If the file’s lines all end the same way, then that line terminator is reported with the file name. Otherwise, the file is reported as Mixed and the number of lines of each type is reported.

I use this little program when chasing down line terminator inconsistencies. Maybe that’s not something you have to deal with, in which case lucky you.

12 comments

Comments are closed.

  • Avatar
    Henry Skoglund

    Hi, found a bug, files without any line terminators are reported as being CR terminated.
    Also, as @Michael Liu says above, you can simplify usig ReadAllBytes.

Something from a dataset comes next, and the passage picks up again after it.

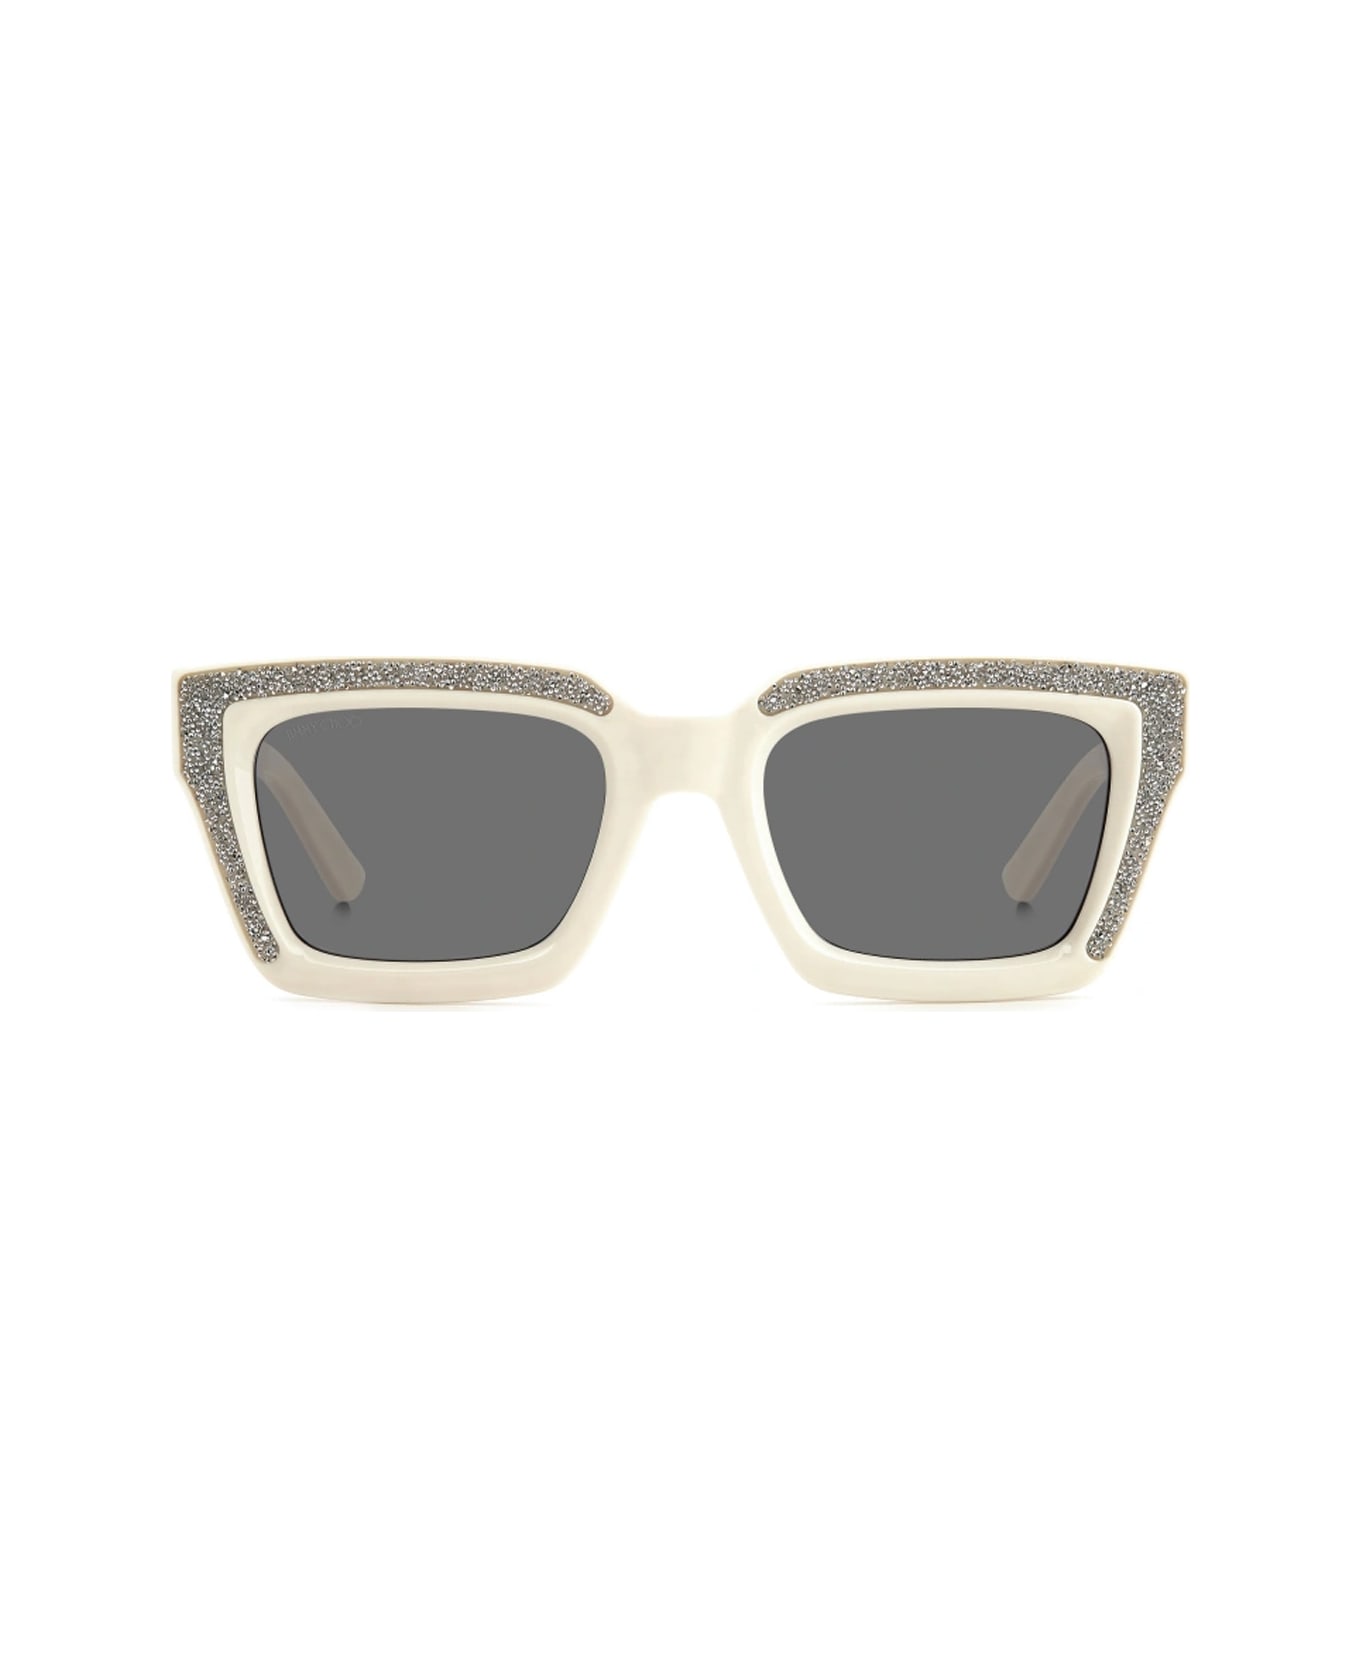 Jimmy Choo Eyewear Megs/s Szj/2k Sunglasses - Avorio
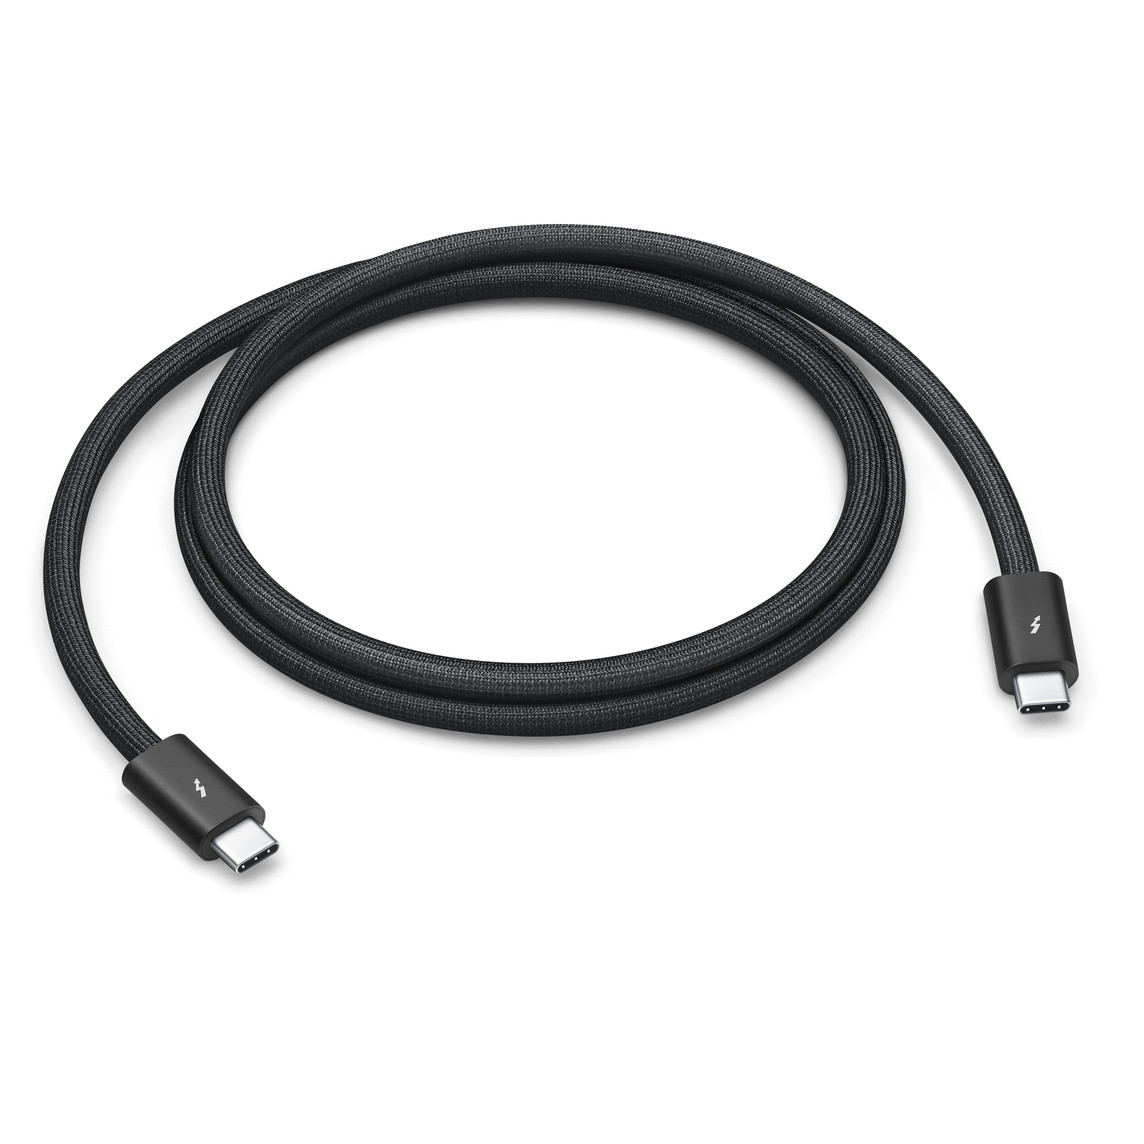 Con un diseño trenzado en negro que se enrolla sin enredarse, este cable Thunderbolt 4 Pro de 1 metro ofrece transferencias de datos de hasta 40 Gb/s.

And use the old trustworthy Split method to further simplify could give something like this:

    string bytes = System.Text.Encoding.Default.GetString(System.IO.File.ReadAllBytes(f.FullName));
    int crlf = bytes.Split(new String[] { "\r\n" }, StringSplitOptions.None).Count() - 1;
    int cr = bytes.Split('\r').Count() - 1 - crlf;
    int lf = bytes.Split('\n').Count() - 1 - crlf;
    if (0 == crlf + cr + lf)
        Console.WriteLine("{0}, {1}", f.FullName, "None");
    else if (0 == cr + lf)
        Console.WriteLine("{0}, {1}", f.FullName, "CRLF");
    else if (0 == crlf + lf)
        Console.WriteLine("{0}, {1}", f.FullName, "CR");
    else if (0 == crlf + cr)
        Console.WriteLine("{0}, {1}", f.FullName, "LF");
    else
        Console.WriteLine("{0}, {1}, {2}, {3}, {4}",
                             f.FullName, "Mixed", cr, lf, crlf);
    
  • Avatar
    cheong00

    I wonder, shouldn’t a whitelist approach be used (i.e.: only visit file extensions you want to look for different line endings)?
    There are who knows how many files types on the disk which are not text files and will just produce unwanted noise.

  • Avatar
    Paulo Morgado

    Although very convinient for to look at, a switch statement that requires the creation of a string is not the best practice. Using Equals with a StringComparison would be better.